The young steel industry in Uganda stands at the threshold of opportunity but it is bedeviled by high production costs and cheap imports.

By Oyet Okwera

 
The young steel industry in Uganda stands at the threshold of opportunity but it is bedeviled by high production costs and cheap imports. 
 
For any country to develop its infrastructure, it needs cheap and readily available steel.
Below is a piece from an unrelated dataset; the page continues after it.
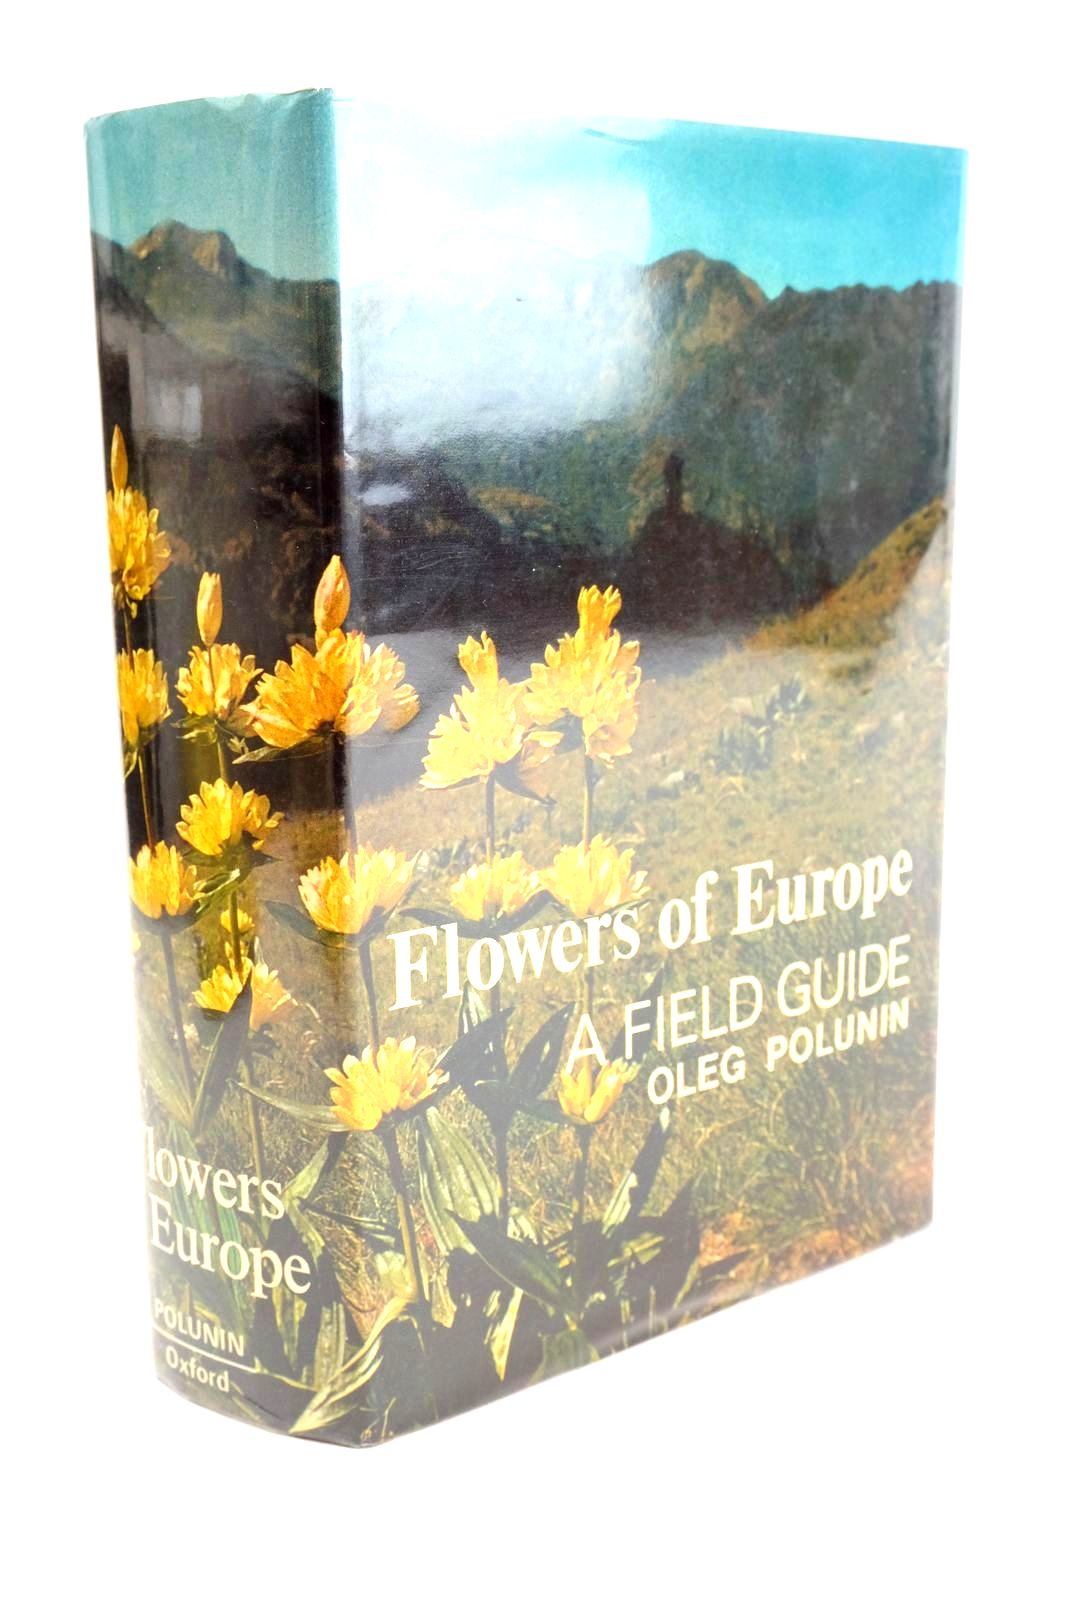 Photo of FLOWERS OF EUROPE: A FIELD GUIDE written by Polunin, Oleg illustrated by Everard, Barbara published by Oxford University Press (STOCK CODE: 1324991)  for sale by Stella & Rose's Books

The benefits are more                          if steel production is fully integrated into the local economy.
 
Government figures indicate that demand for steel in Uganda stands at 150,000 tonnes per year, which is more than double the 60,000 tonnes produced annually.
 
The steel industry has been growing at a rate of 30% for imports and -40% for exports per year. 
Players in the steel industry have decried the high costs of production and the prevalence of cheap steel imports from countries such as China, India and Japan.
 
Narendra Jain, the chief executive officer at MM Integrated Steel, said the steel industry in Uganda is not yet fully developed and players are still grappling with the challenge of imported steel. 
High costs 
 
“The cost of doing business in steel exporting and producing countries is relatively low compared to that in Uganda since we are a land locked country,” said Jain.
 
He added that the Government should follow the example of Kenya and Tanzania and provide incentives to encourage local production.
 
“For the steel industry to grow in Uganda there needs to be value addition aimed at encouraging local production.
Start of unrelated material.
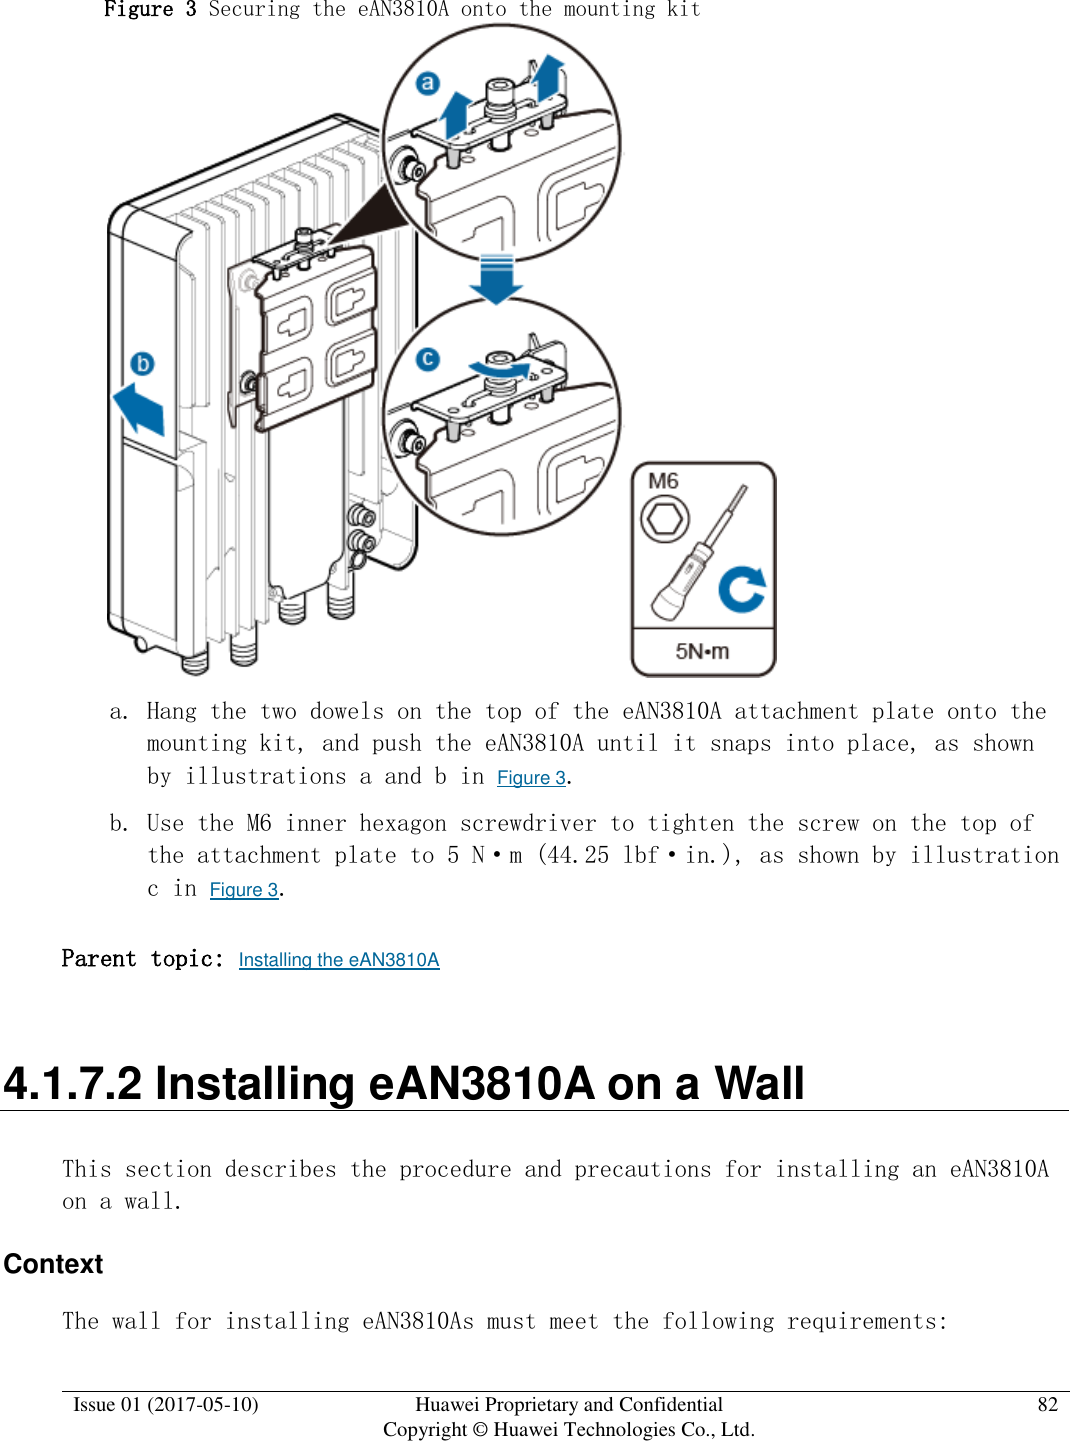  Issue 01 (2017-05-10) Huawei Proprietary and Confidential      Copyright © Huawei Technologies Co., Ltd. 82  Figure 3 Securing the eAN3810A onto the mounting kit   a. Hang the two dowels on the top of the eAN3810A attachment plate onto the mounting kit, and push the eAN3810A until it snaps into place, as shown by illustrations a and b in Figure 3. b. Use the M6 inner hexagon screwdriver to tighten the screw on the top of the attachment plate to 5 N·m (44.25 lbf·in.), as shown by illustration c in Figure 3.  Parent topic: Installing the eAN3810A 4.1.7.2 Installing eAN3810A on a Wall This section describes the procedure and precautions for installing an eAN3810A on a wall. Context The wall for installing eAN3810As must meet the following requirements:

“By August, we hope to embark on full capacity production and we are confident of producing 40,000 tonnes of quality sheet per annum,” Jain said.
 
Mohsin Hassan, the managing director of Inova, a steel processing company, says high electricity tariffs are the major challenges in the process of manufacturing steel.
 
“We call upon the Government to intervene and subsidise electricity tariffs for local manufacturers to reduce the cost of production,” said Hassan.
 
Resty Nassolo, the business development manager at East African Roofing, cited the prevalence of fake steel products as another challenge.
 
“The cheap and fake products in the market are reducing the profit margins of companies that are producing legitimately.”  
Nassolo said the Government should tighten the policy on standards to encourage the production of quality steel.
 
“We also want the Uganda National Bureau of Standards to start pre-qualification of steel products to discourage fake steel products which are reducing the market margin,” says Nassolo.    
 
Addressing journalists earlier this year during a factory tour at MM Integrated Steel in Jinja, trade minister Amelia Kyambadde noted the lack of a legal frame work for the local steel industry. 
 
“By the end of this year we will have a draft bill ready to be tabled in Parliament,” Kyambadde said
 
New investments 
An Indian investor was recently given a 49-year land lease for iron ore mining in Rugando village, Kanungu district.
Steel Rolling Mills (SRM), owned by local businessman Abid Alam, launched an iron ore smelting plant in Jinja in October 2012.
 
It uses sponge iron, a metallic product from the iron ore, to produce high quality steel bars as compared to those produced from scrap metal. At the launch the company was estimated to produce 6,000 tonnes of steel per month or 72,000 tonnes a year from local ore. 
 
In September 2012 it was reported that China Machine Building International would build a $100m iron ore mining and integrated steel plant in Mbarara district. Construction of the plant, whose start date is not stated will last 18 months.
 
President Yoweri Museveni told a press conference recently that the steel project will spur the much needed development of infrastructure in Uganda.
 
“We need a steel industry very badly because the Government does a lot of construction works,” Museveni said.
 
Uganda has confirmed reserves of iron ore in excess of 100 million tonnes in the eastern and southwestern regions of the country.